Roth also wrote that his main character couldn't stand "the complete unadultness" of religious belief. To a certain sort of person, all that talk of "drawing near to the Father" could sound like the wishings of an arrested development. My friend who died, a middle-aged woman, turned to Mary the protective Mother. Our only hope of salvation lies in our becoming children of God, adopted heirs with Christ to the treasure of eternal life. "Unless you become like little children...."
But while that may be objectionable to a certain mindset, that doesn't mean it isn't true. Gross found herself on the side of Milosz, arguing for religion as the more human view. She said of Roth's protagonist, "There's nothing in his life to replace religion, nothing real to hold on to. Do you see that as a problem for people who reject religion?"
"I personally think religion is the problem," he answered. There was no rancor in his voice. There was just the abyss. And maybe it's because I'm religious, but it was the abyss that seemed inhuman and problematic.
The final poem in Second Space is "Orpheus and Eurydice." As in the myth, Orpheus travels to Hades to rescue Eurydice -- whose love "humanized him" -- from the land of the dead. He is given leave to take her back, but he is required to have faith. He cannot look back, or speak to her. He obeys, but, as he walks up the path...

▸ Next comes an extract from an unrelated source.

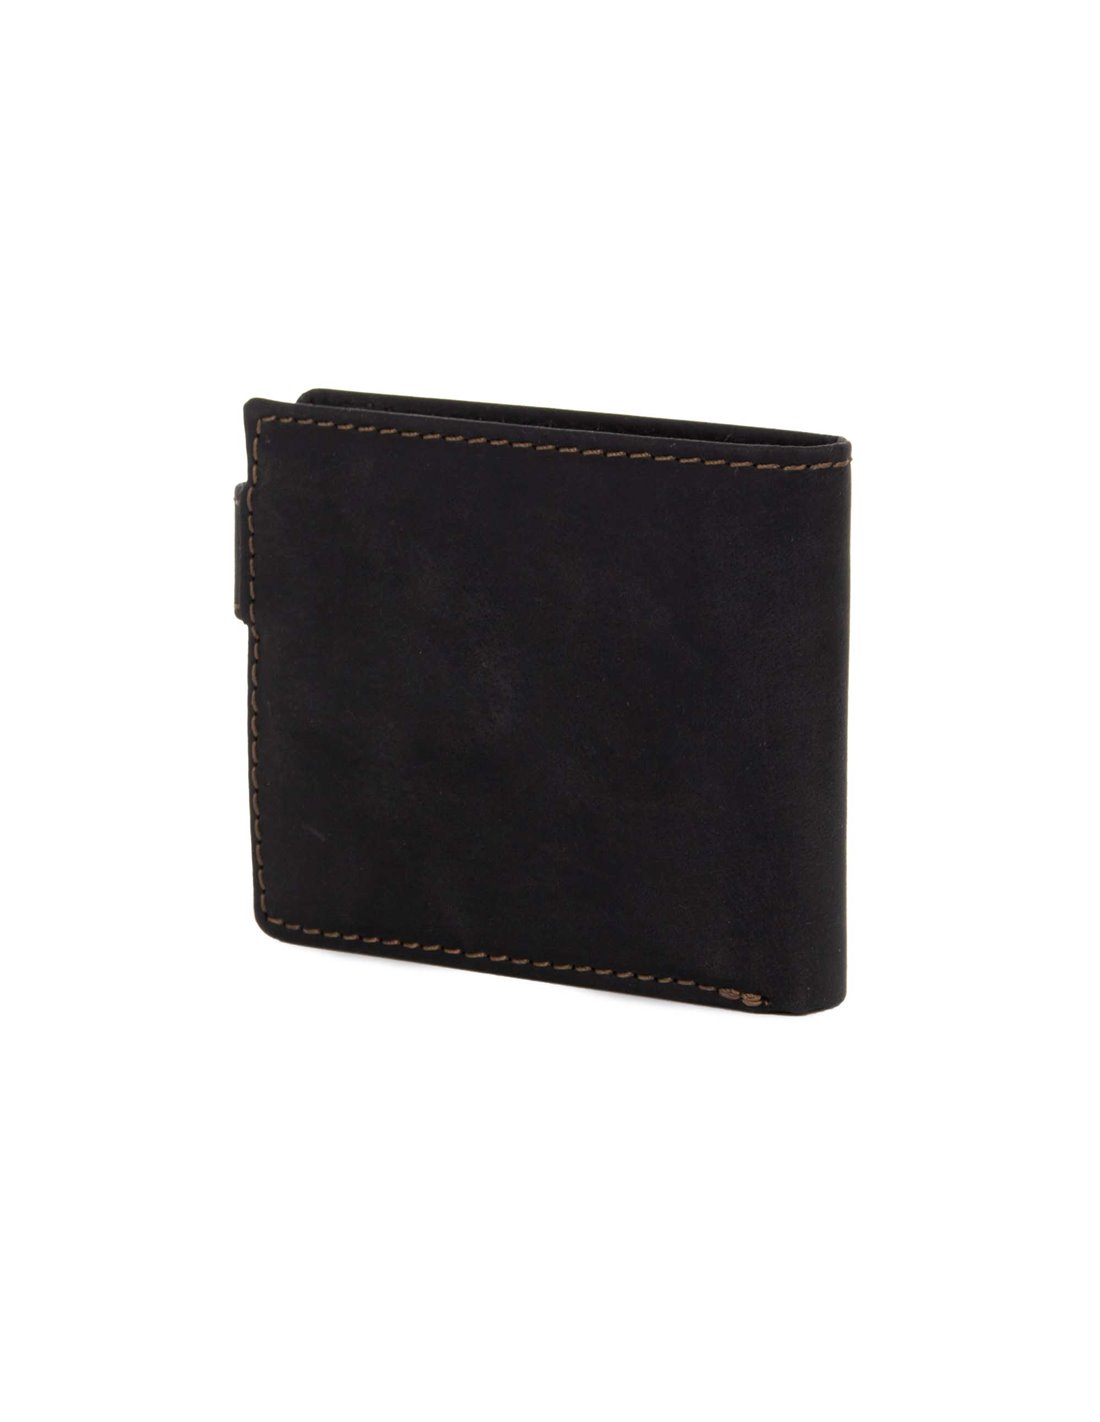 DAKAR - K 1053 AD black wallet

Under his faith a doubt sprang up
And entwined him like a cold bindweed.
Unable to weep, he wept at the loss
Of the human hope for the resurrection of the dead,
Because he was, now, like every other mortal.
His lyre was silent, yet he dreamed, defenseless.
He knew he must have faith and he could not have faith.
And so he would persist for a very long time,
Counting his steps in a half-wakeful torpor....
It happened as he expected. He turned his head
And behind him on the path was no one.
Sun. And sky. And in the sky white clouds.
Only now everything cried to him: Eurydice!
Ultimately, Orpheus makes do with the comforts of the earth. But that reproachful cry must haunt him. I know what Roth means when he says that religion is the problem -- there are so many instances when it seems it must fall away under Ockham's razor, the one that removes what is unnecessary from any explanation. But standing with Roth against Milosz doesn't seem like bravery. It seems like a narrowing of vision -- this body, and nothing else. Never mind what the poet glimpses.
Interestingly, Roth cited Milosz during the interview, noting that the nonagenarian wrote poems about his lust. Oddly, Roth didn't draw any connection with that desire and the desire for life -- to procreate, to give life, to keep life going. Even Miloszbody fought oblivion.